[Problem to work on]
An exact copy is all that is wanted: the lines from the one with "loose updo red" through the end of the listing below, both included, minus any pictures.

[Information provided]
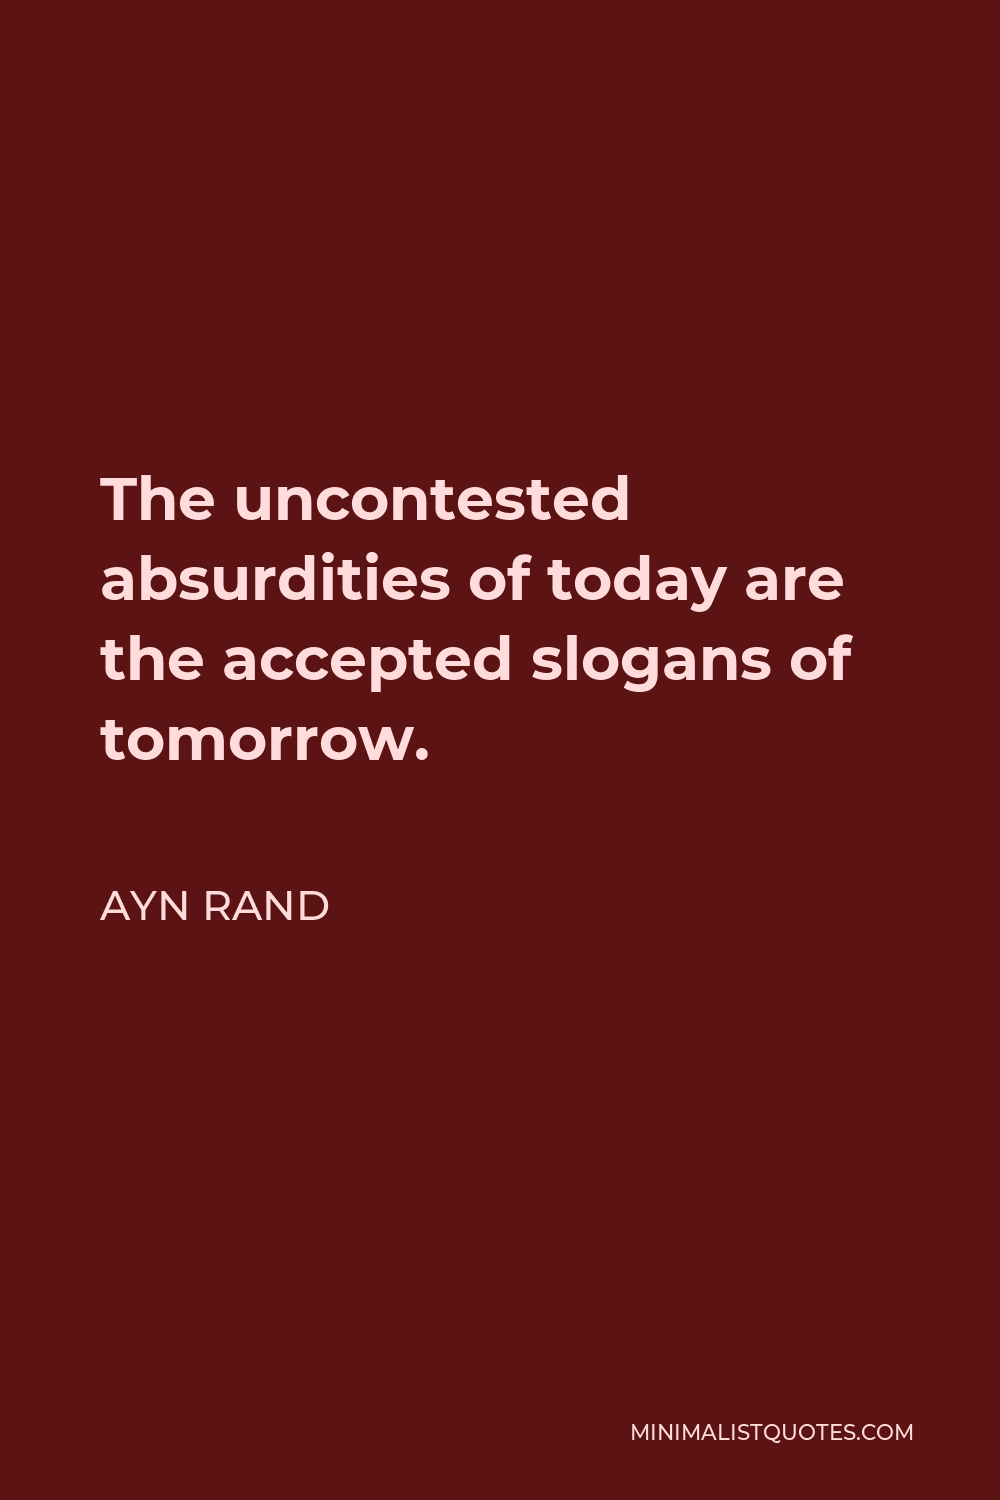 Ayn Rand Quote - The uncontested absurdities of today are the accepted slogans of tomorrow.
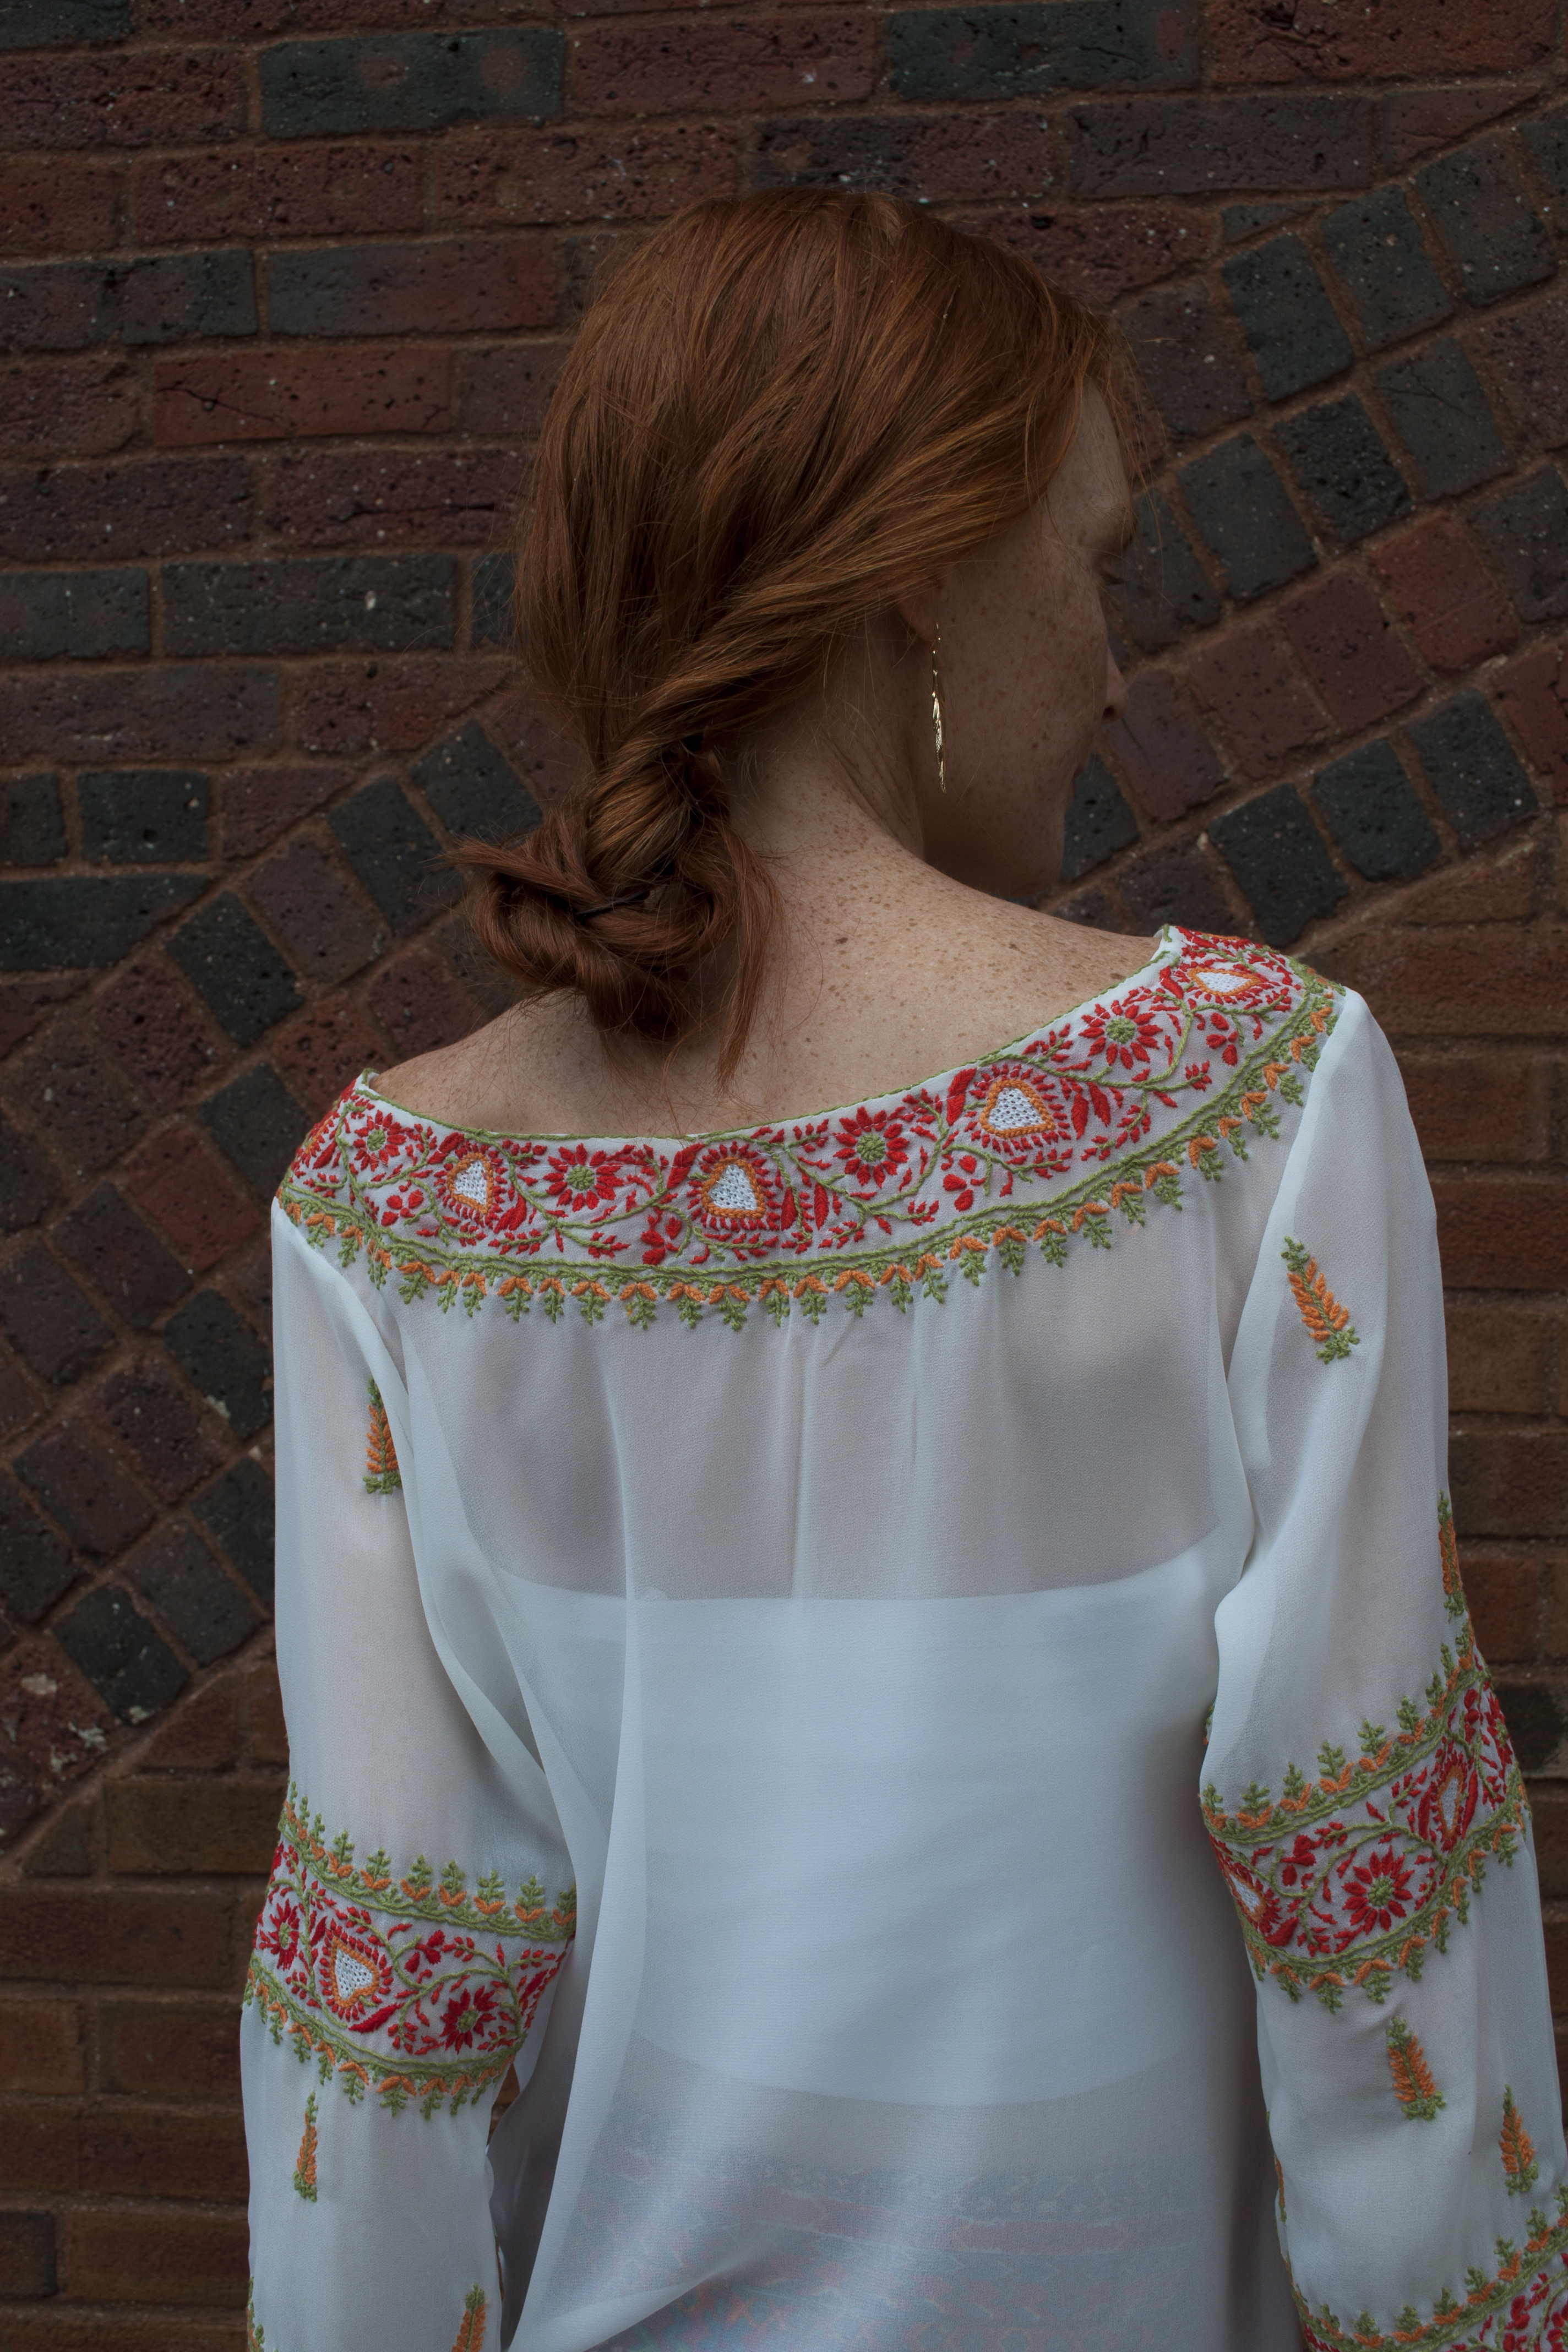 loose updo red hair wearing sheer lace blouse
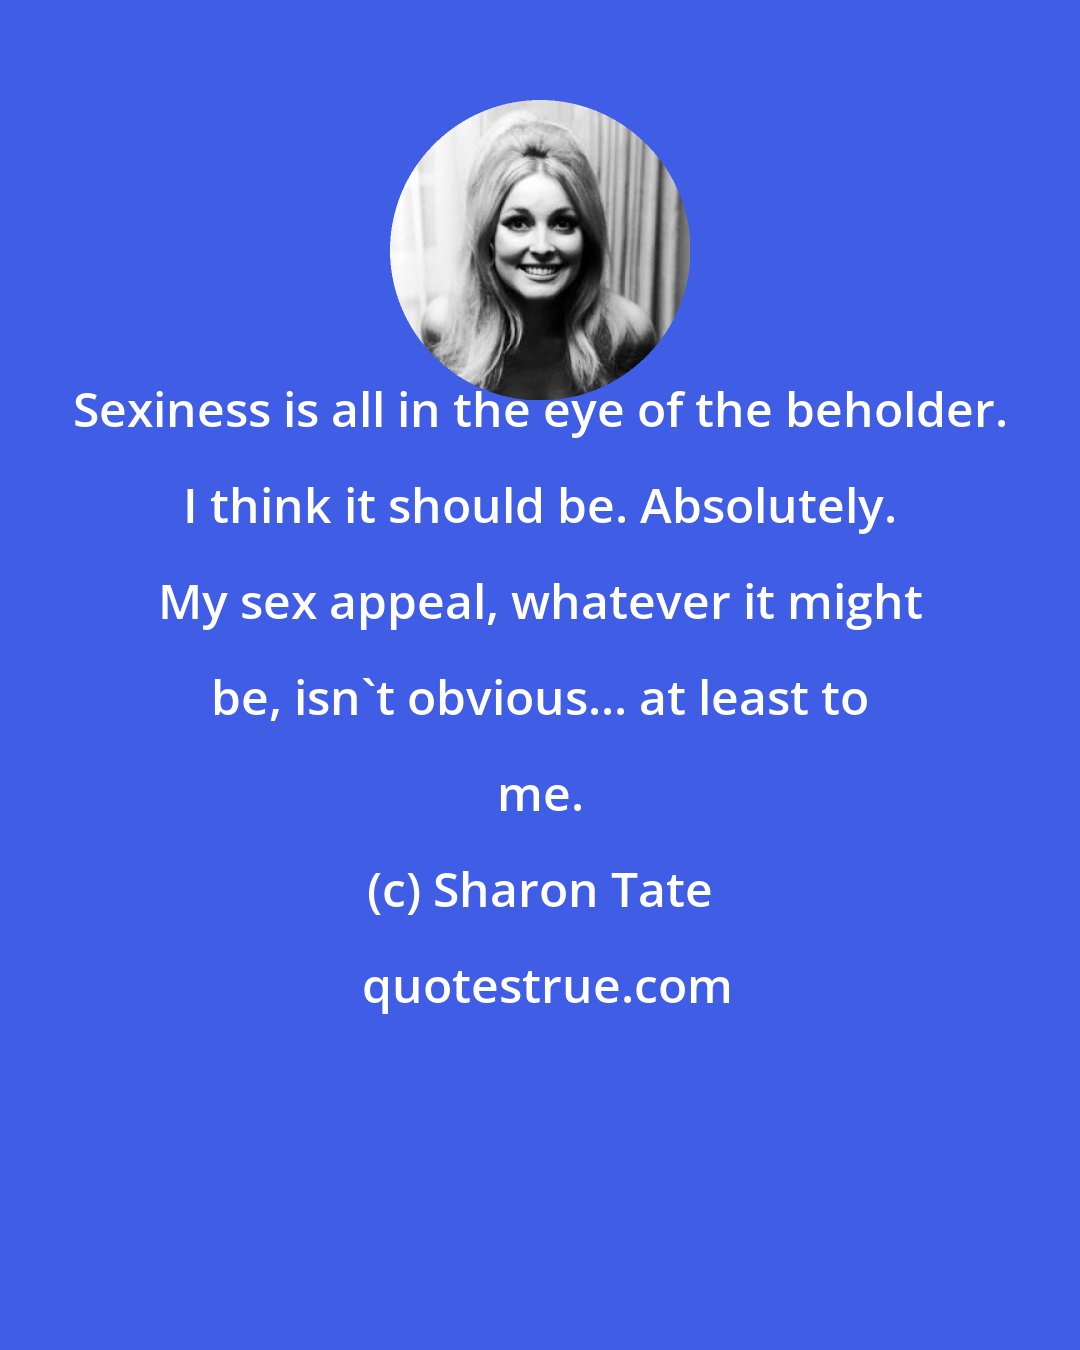 Sharon Tate: Sexiness is all in the eye of the beholder. I think it should be. Absolutely. My sex appeal, whatever it might be, isn't obvious... at least to me.

[Result for this task]
 loose updo red hair wearing sheer lace blouse
 Sharon Tate: Sexiness is all in the eye of the beholder. I think it should be. Absolutely. My sex appeal, whatever it might be, isn't obvious... at least to me.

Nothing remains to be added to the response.